My kids don't know about my past and although my oldest is 14, I still think they are all too young to know anything. They do not know who my biological mother is or any of my siblings. To them, my grandmother was my mother; their nana. They were the highlight of her life. She loved them so much they could do no wrong in her eyes. Her and my oldest were best friends. It hurt him to see her go. I gave my daughter my grandmothers first name as her middle name and she acts just like her nana. They used to share this candy called Werther's, it was caramel hard candy. I couldn't stand it. Too sweet. But my daughter and grandmother loved it. Now, my daughter any times she sees the candy in the store she says "oh that's me and nana's candy. Can we buy it". Of course I did, I want to help her keep that memory. They know their cousins, their aunts and uncles, Tim's parents and grandparents. They have so much love around them that they don't need to know anything else. Will I tell them one day, I don't know.
I am still a to myself person and yet I love people. At times, they make me nervous. I also wonder if people can tell when I am being fake or if they can see through me. I impersonate what I think someone else may want me to be or act like. If you met the funny, obscene at times, can be rude but very silly person that I am, you will throw me away. When people come to me with an interest, I always wonder if they have a genuine interest in being my friend or if they even care about me.

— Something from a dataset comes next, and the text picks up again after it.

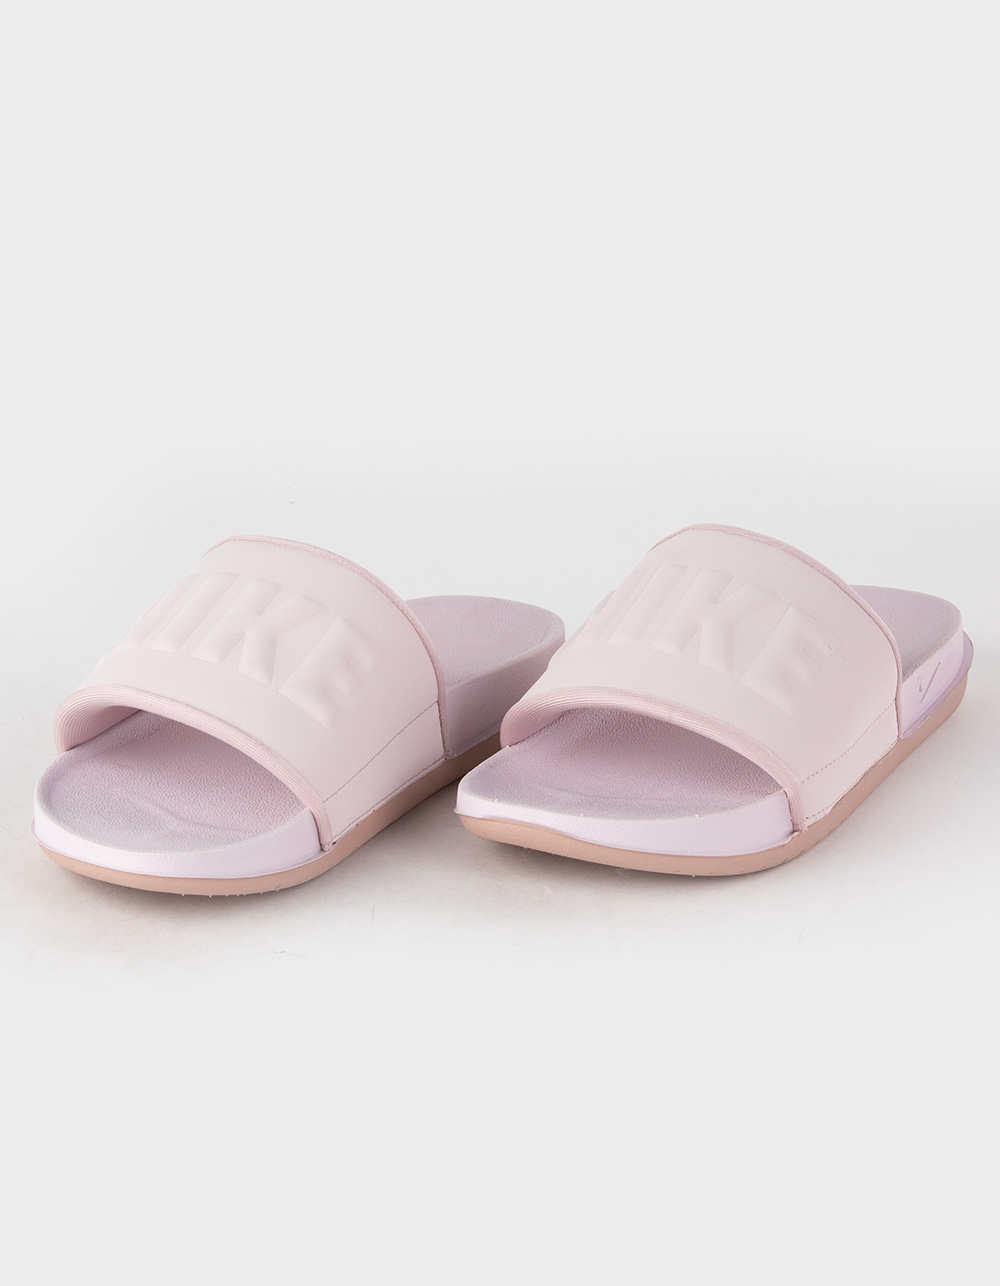 Nike Kawa Slide Sandals for Women | Mercari

When these doubts come I tend to pull away to avoid getting hurt. This could have made me to bring an end to good relationships before they even began. But I am trying to change this behavior.
I have a great support system, from family, coworkers, soccer/dance moms and neighbors. I love what I do for work, which is helping people. People who often need help are the ones who want to save the world.
I started this blog as a healing journey for me. I thought that maybe if I get some of these thoughts and feelings out that maybe it can help me. Actually writing this down, forcing myself to remember every detail that I tried so hard to forget brought up some unsettling feelings. I think I've cried 4 times and have taken several breaks just to make it to the end. But by re-reading this over and over for editing purposes, it has made me realized that I'm not as healed as I thought I am....and that is ok. I am just getting started with this blog journey so I can't say if it is helping or not.
So, there you have it! This site is my way of sharing my thoughts, stories, and reflections on this beautiful, messy journey we call life. Don't know if this will take off or just continue to be a platform that I use to heal. What I do know is I am going to have fun doing it.
Thank you for being here and joining me along the way—there’s so much more to come, and I can’t wait to share it all with you!
I know this was long but thanks for staying until the end.